Levelized Cost of Energy (LCOE) is the standard way of comparing two power producing technologies – it does not matter how the power is generated but how much will it cost the end user. However, some claim that this approach is like comparing apples and oranges.
“Using LCOE to compare generation costs has become widespread practice, however the approach based on LCOE associated with different generation technology or any other measure of total lifecycle production costs per megawatt hour provided does not take in to account different system costs,” said Leonam dos Santos Guimaraes, Director for Planning, Management and Environment at Eletronuclear.

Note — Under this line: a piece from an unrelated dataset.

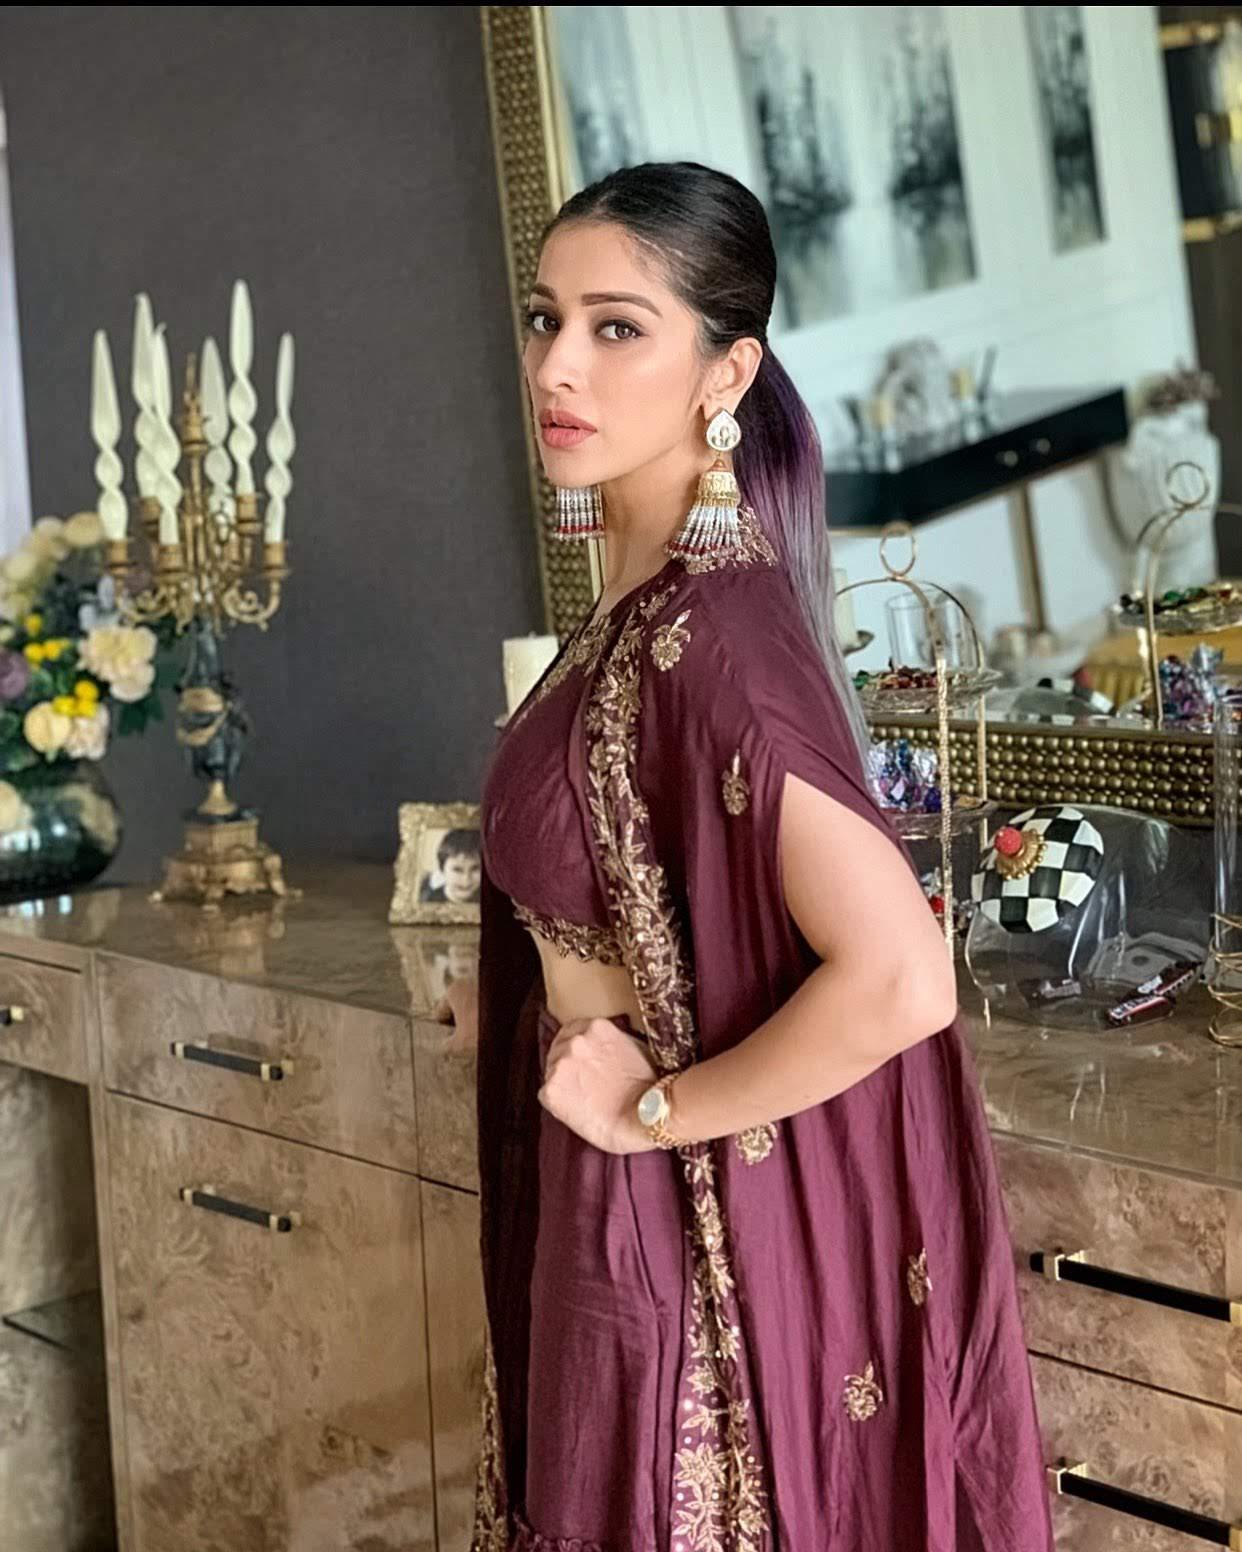 Rai-lakshmi-latest-images-32529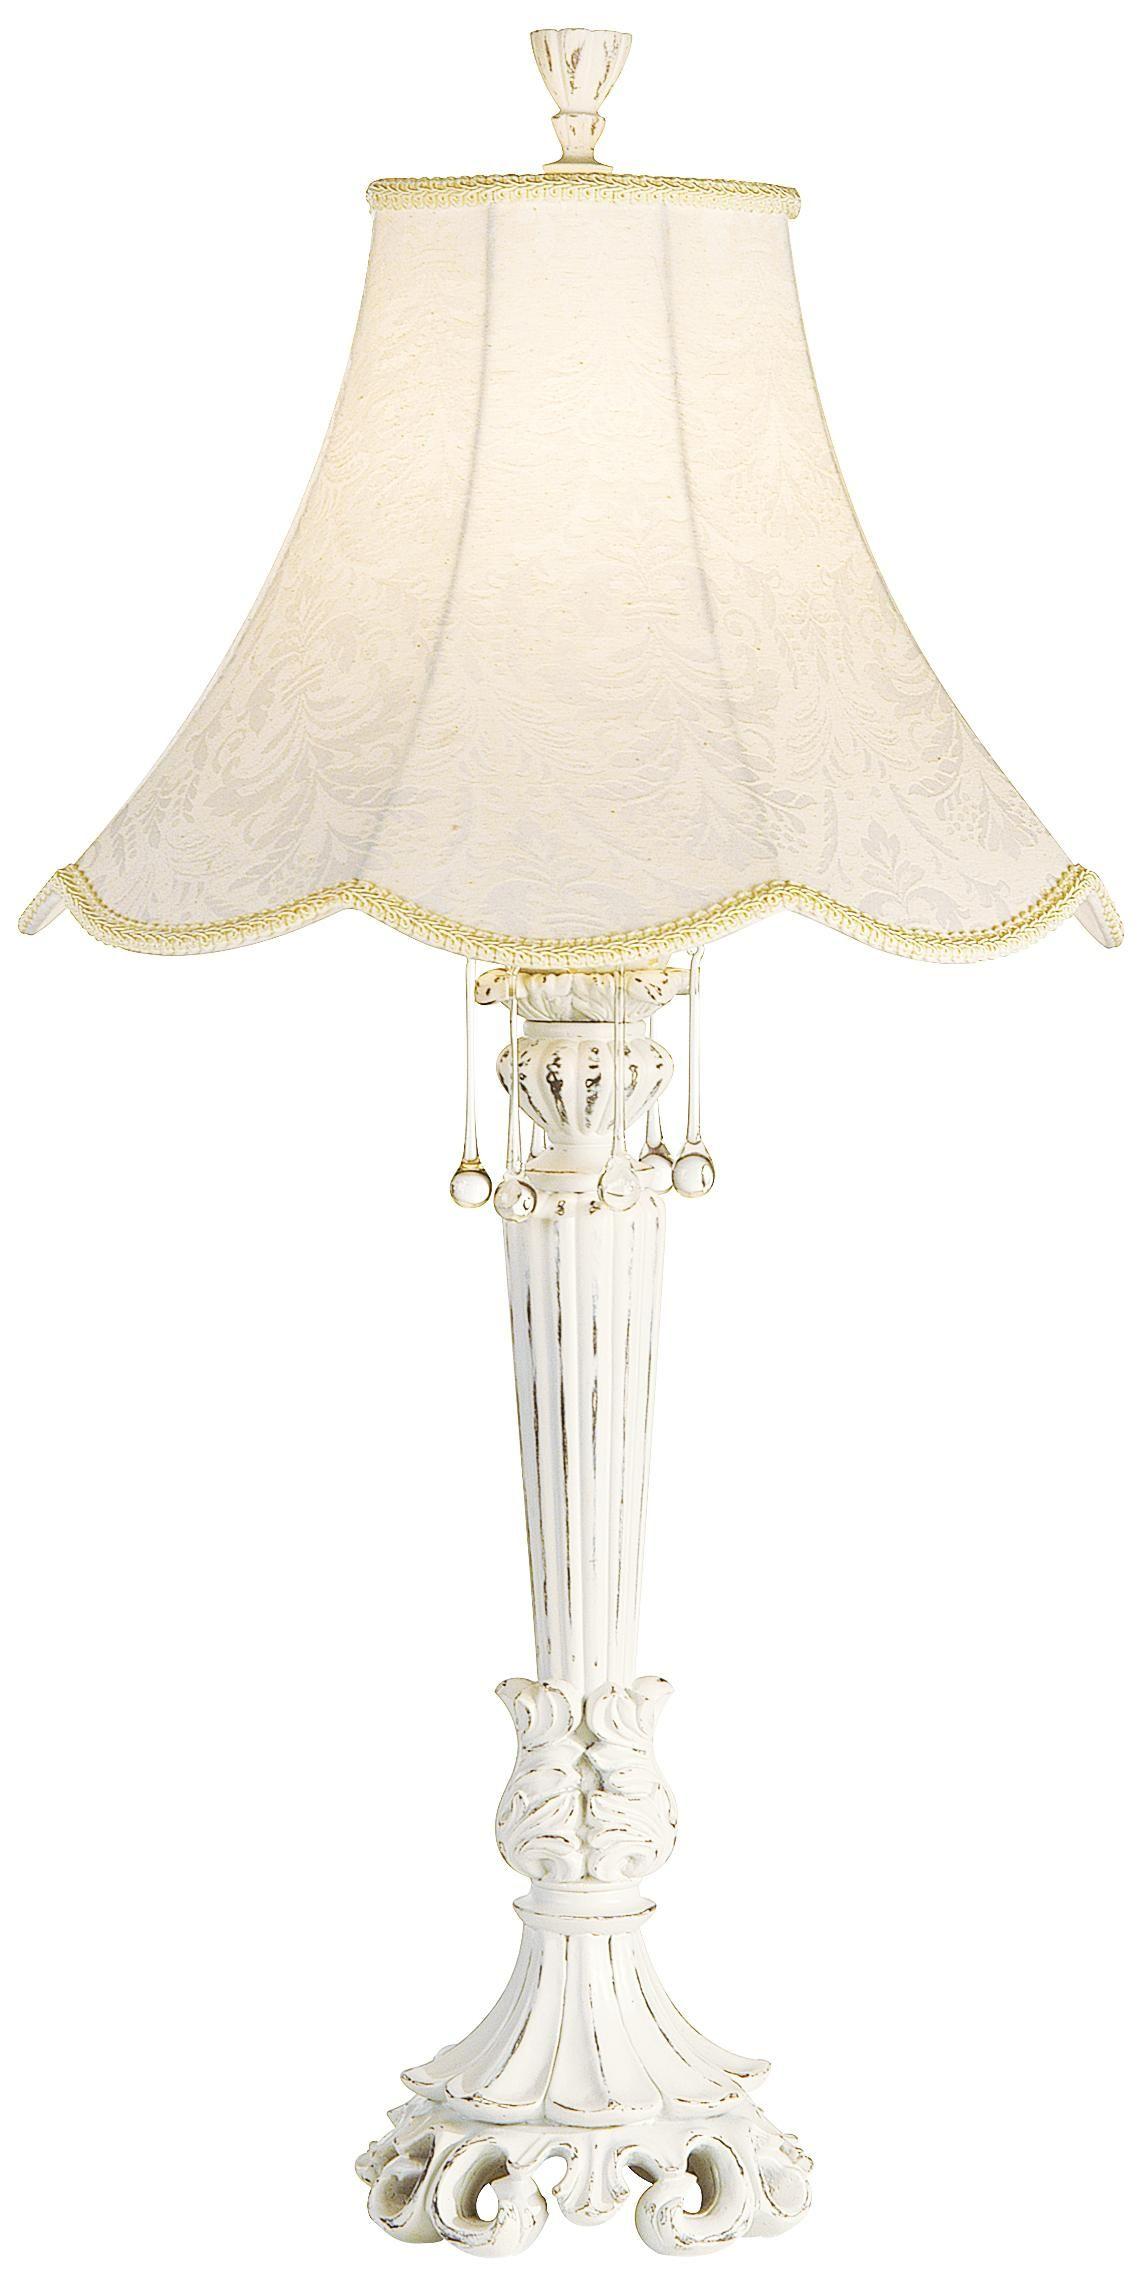 Kathy Ireland Chateau de Bordeaux Table Lamp Style

This effectively treats all generated megawatt hours, regardless of source, as a homogenous problem of a commodity of a single price, which electricity is not, he said.
The cost does not measure the value, dos Santos Guimaraes noted, an argument that is being increasingly put forward as the world attempts find a way to eliminate greenhouse gases and become carbon neutral without endangering industrial growth and progress.
“It would be like saying a car costs a lot more than a bicycle so we should all buy bicycles. This disregards that cars and bicycles are providing services of different natures,” he said.